İlk hikaye kitabı ‘Evlerin Yüreği’ 2012’de, ikinci hikaye kitabı ‘Gece Çığırtkanları’ 2015’te yayınlanan Şenay Eroğlu Aksoy’un geçtiğimiz günlerde yeni bir hikaye kitabı çıktı. ‘Sardunyaların Kışı’ isimli kitap, Everest Yayınları etiketine sahip.

On altı hikayeden oluşan ‘Sardunyaların Kışı’, hayatın karanlık ve yalnız tarafına bakıyor. Vakit zaman bir meskende, vakit zaman bir sokakta, vakit zaman da bir dünya halini alan içdökümlerde karşımıza çıkan karakterler genelde birbirine benziyorlar. Acılı, çaresiz, yalnız ve genelde kaybetmiş bu kimseler, içinde bulundukları girdaptan çıkmak için uğraşsalar da birden fazla vakit daha da tabana batıyorlar. Elbette karakterlerin uğraşları fizikî değil, duygusal. Girdabı daha içinden çıkılmaz bir hale getiren şey de esasen bu.

BÜYÜYEN UÇURUMLAR

Kitaba ismini veren “Sardunyaların Kışı”, kitabın birinci hikayesi. Ben anlatıcı, bize can çekişmekte olan bir evliliği, bir aşkı anlatıyor. Bu acı, anlatıcıyı hem ruhsal hem de fizikî olarak hapsetmiş durumda. Yatağın tabiri caizse ortadan ikiye ayrılması onu yalnızca ruhsal açıdan sıkıştırmıyor yani. Eşiyle ortasında aşılmaz bir uçurum yaratıyor. O da uçurumdan karşıya geçip ona ulaşamayacağının farkında. Öbür yere de gidemeyeceğinin de.

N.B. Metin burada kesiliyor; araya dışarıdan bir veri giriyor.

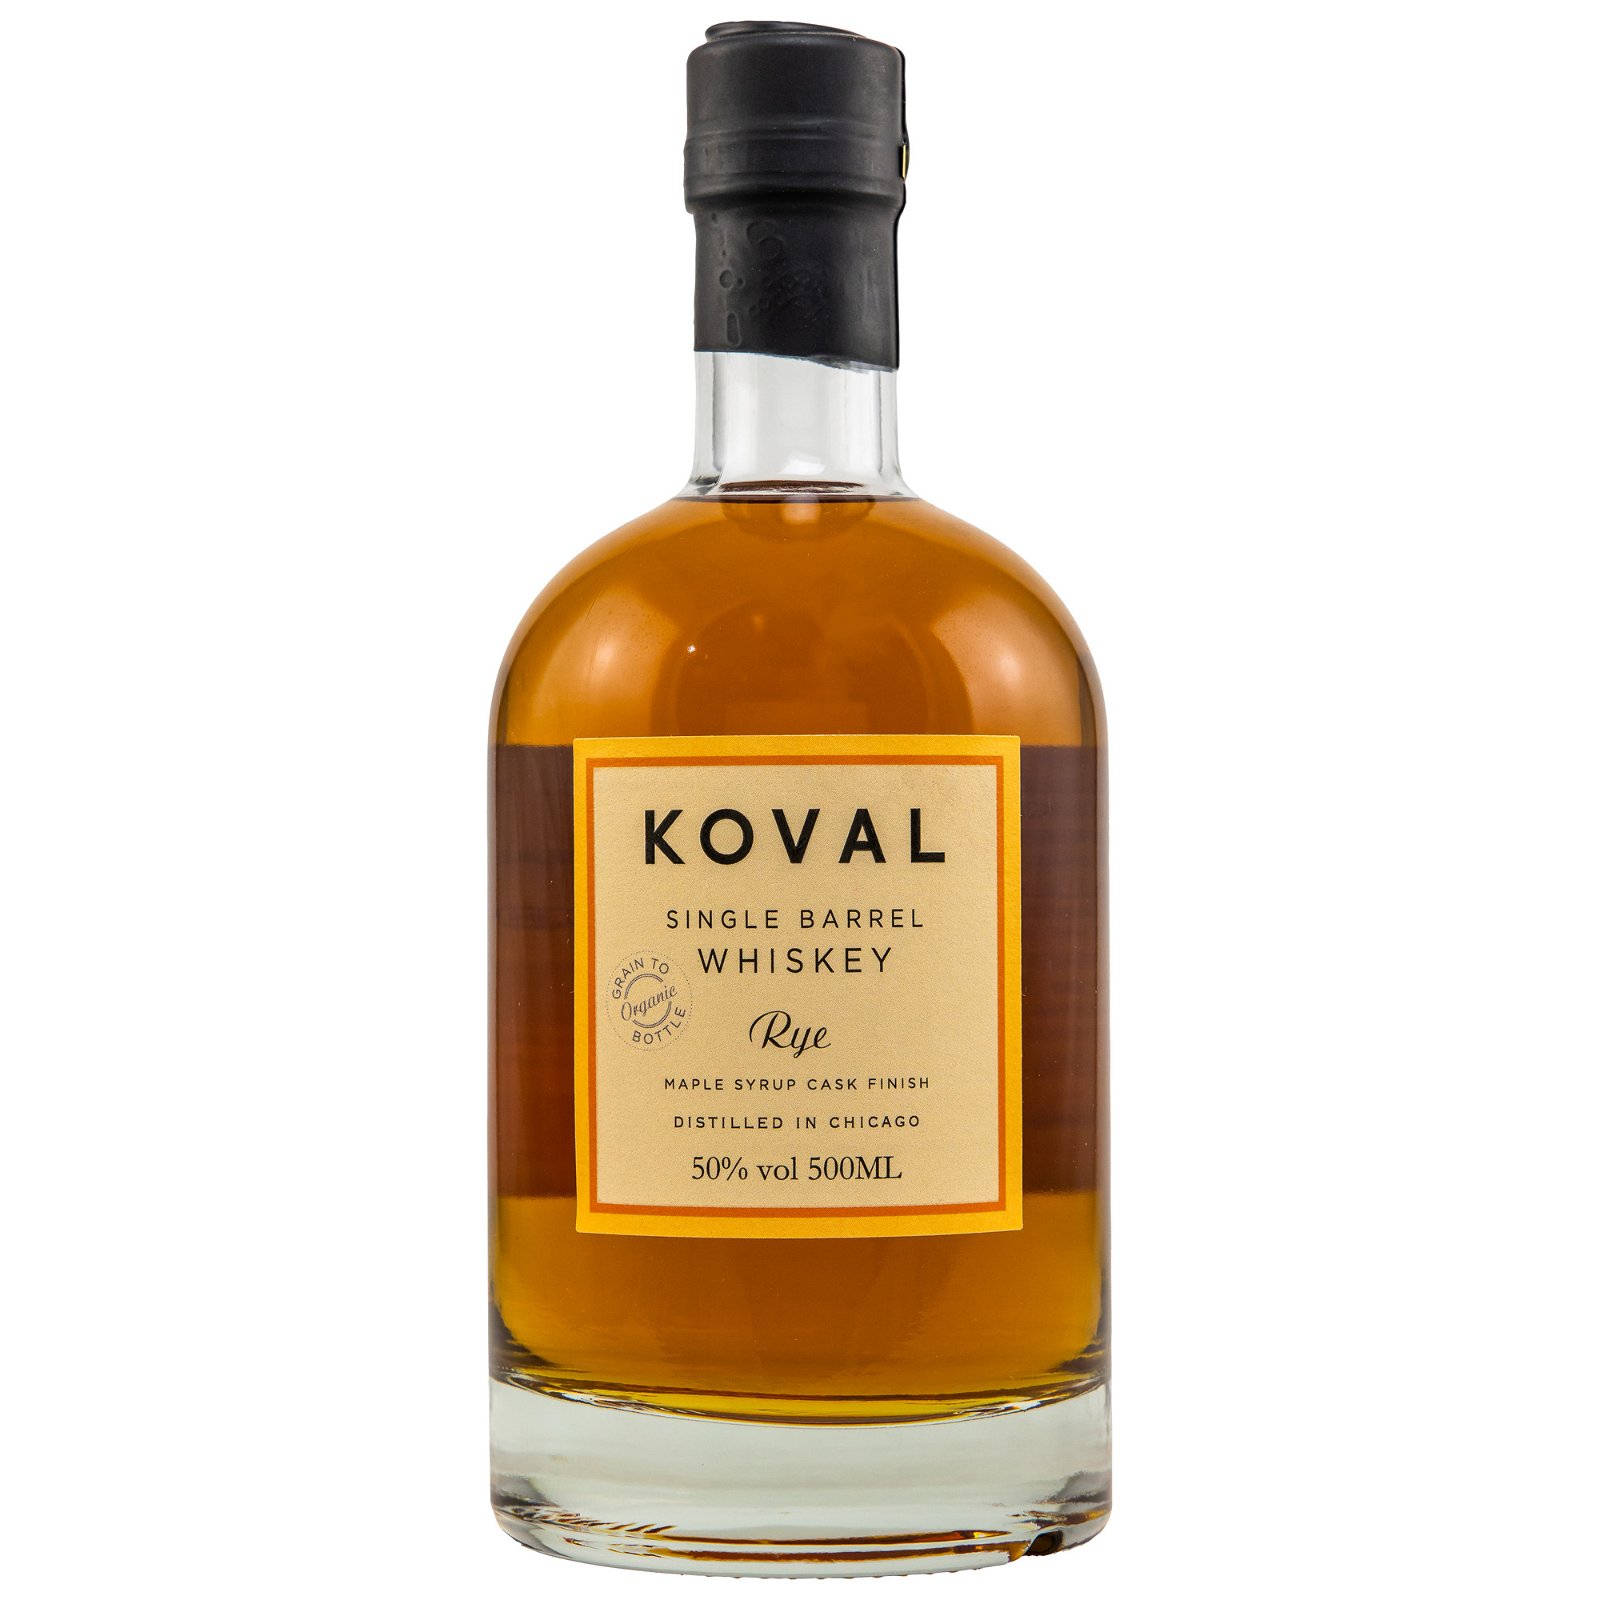 Koval Single Barrel Rye Maple Syrup Cask Finish (Bio)

Ne var ki onu temel hapseden his eşinin bütün bunları görmemesi, (belki) gördüğü halde umursamaması, (belki de) uçurum yüzünden elini uzatamaması. Buna dair bir bilgimiz yok. Bildiğimiz şey yataktaki boşluğun günden güne büyümesi.

“Kafes” hikayesine baktığımızda karşımıza sığınmacı sıkıntısı çıkıyor. Dükkândan bozma bir konutta yaşayan sığınmacı bir ailenin kapı önünde yavaş yavaş saldırgan bir kalabalık birikmeye başlıyor. İçlerinde kışkırtıcılar da var gaza gelmeyi bekleyenler de, seyirciler de var korkaklar da. Pencereden bütün bunları anbean gören bir bayan daima polisi arayıp duruyor lakin polis onu geçiştiriyor. Biz de malum sonu adım adım bekliyoruz.

Sardunyaların Kışı, Şenay Eroğlu Aksoy, Everest Yayınları, 2022.

Aksoy bu hikayede, bir taraftan tansiyonlu bir dram anlatırken bir taraftan da toplumsal bir gerçeğe işaret ediyor. Toplumsal ve siyasal manada durmadan kışkırtılan yabancı düşmanlığının geldiği yer hepimizce malum. Hal bu türlü olunca nedenlerin de pek bir ehemmiyeti kalmıyor. Aksoy da bu ayrıntıyı öne çıkarmak için midir nedir, olayın nedenini bir iki cümlede verip geçiyor. Çünkü temel nedenin bu olmadığını müellif da, okur da, sığınmacılar da, faşistler de, polisler de biliyor.

BAĞIRILAN İSİMLER

Aksoy’un hikayeleri uzun paragraflardan oluşuyor. Hatta birtakım hikayeler tek bir paragraftan ibaret. Buna rağmen cümleleri genelde kısa. Kısa ve devrik. Bu da vakit zaman hikayelerin atmosferini pekiştiriyor.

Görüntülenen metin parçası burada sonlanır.